Added directory for docs, and added our version schema for future use

naobservatory · Jan 10, 2025 · 7706e12 · 7706e12
1 parent 4d2bb4c
commit 7706e12
Showing 1 changed file with 24 additions and 0 deletions.
diff --git a/docs/version_schema.md b/docs/version_schema.md
@@ -0,0 +1,24 @@
+# Major.Schema.Results.Point format
+
+## Outline
+- Major: increment each time we seriously rework the pipeline
+    - The v1 to v2 change qualified, though it’s not the minimum change that would qualify.
+    - Expect to increment every 1-5 years.
+- Schema: increment each time we restructure the outputs
+    - The reworking with the addition of vertebrate infecting viruses would qualify
+    - Consumers need to be updated because they will be looking for things in the wrong places
+- Results: increment each time the results are no longer directly comparable with previous versions.
+    - Historically a huge fraction of changes would require a bump here
+    - So would lots of the changes we have planned
+    - With the introduction of RBGD it starts to matter a lot that we have counts that can be compared across pipeline runs, and that we know when this is and isn’t the case.
+- Point: increment for changes that don’t meet the criteria above
+    - Changes that impact performance but not results, options that are off by default, and new outputs (it’s only changes to existing outputs that can’t go in Point releases)
+    - Very small changes to outputs that don’t meaningfully impact RBGD or other pipeline consumers may also be considered for point releases, with team discussion.

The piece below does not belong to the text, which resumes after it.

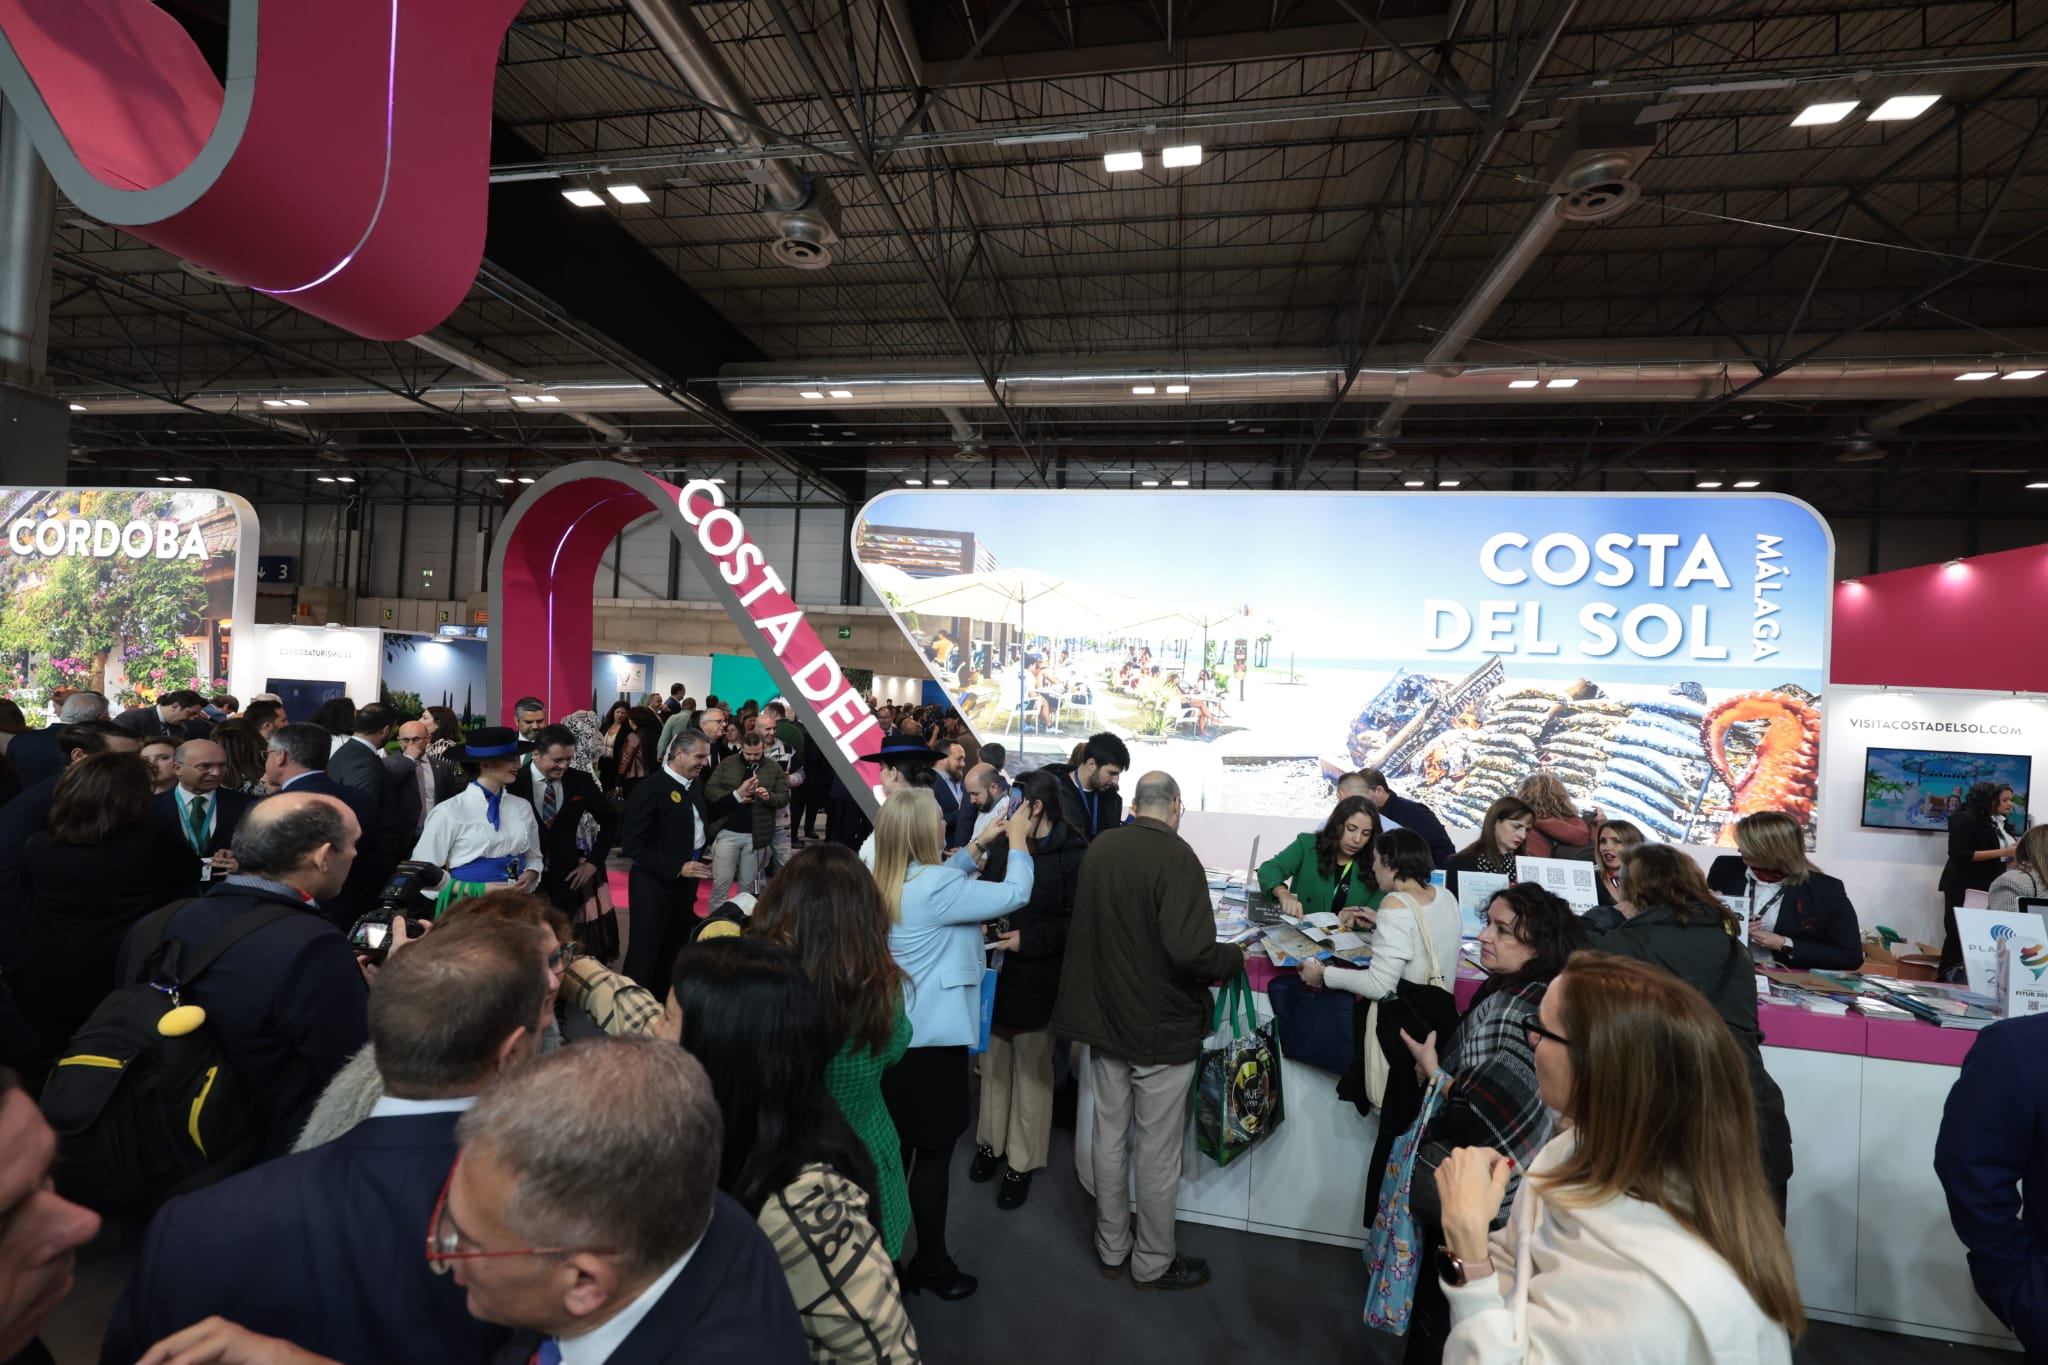 The Costa del Sol's presence during the first day of Fitur
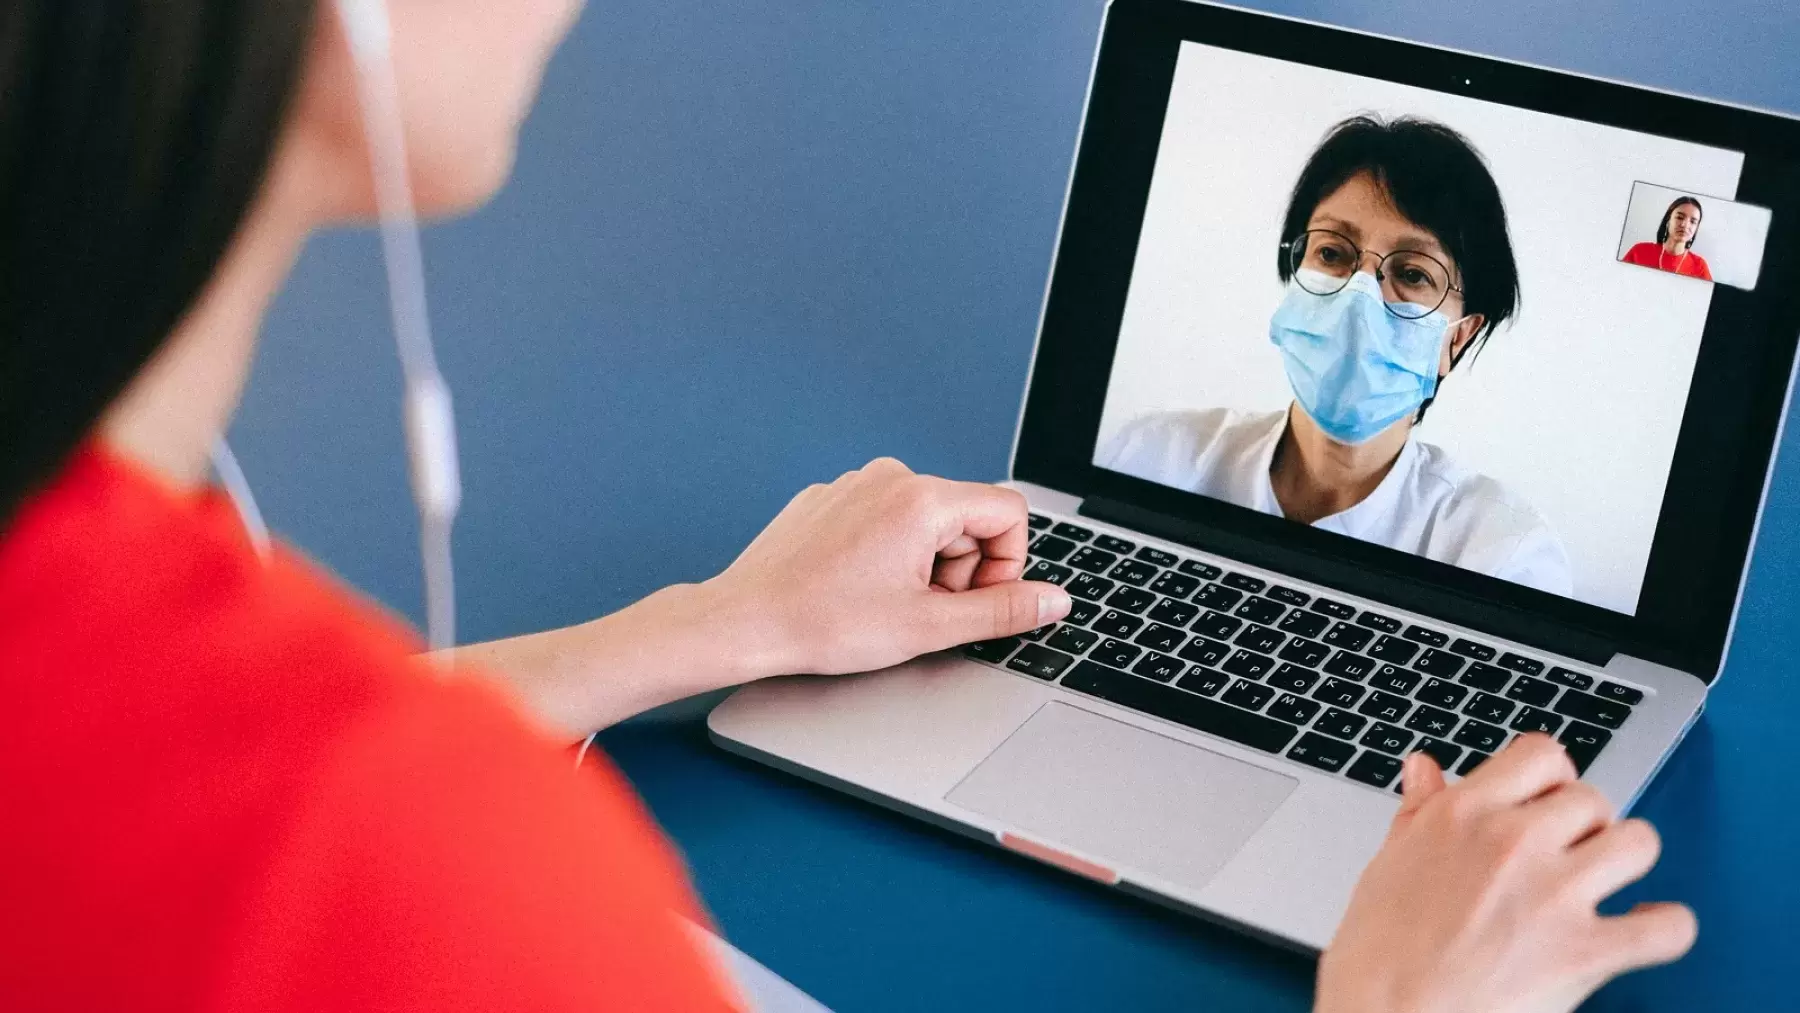 Person talking on a video call with a healthcare worker in a mask.

+    - I don’t think it is a problem if any individual segment (most likely Results) ends up very large.
+
+## Notes
+Only Major.Schema.Results goes into naming output directories, since consumers don’t need to consider Point (unless things have gone wrong).
+
+We won’t want to reprocess all past data (which this time next year should be trillions of read pairs) each time we bump Results. So we introduce a concept of Stable, which is whatever version we currently are always running on new data and have run on all old data. We’ll need to be thoughtful about when to bump Stable, which will depend a lot on how expensive the pipeline ends up being to run. Sometimes it will make sense to backport bugfixes to Stable, and so Stable can have new Point releases. If a fix to Stable needed a new Results release, though, that would just be considering a new version to be Stable.
+
+We would also introduce Unstable, which we run all new data through but don’t intend to (or haven’t decided if we will) run all past data through. This would be valuable for chimera detection and anything else that wants the best current analysis regardless of whether it’s consistent with history. I think this may just be Master, though, in which case we don’t need a new name.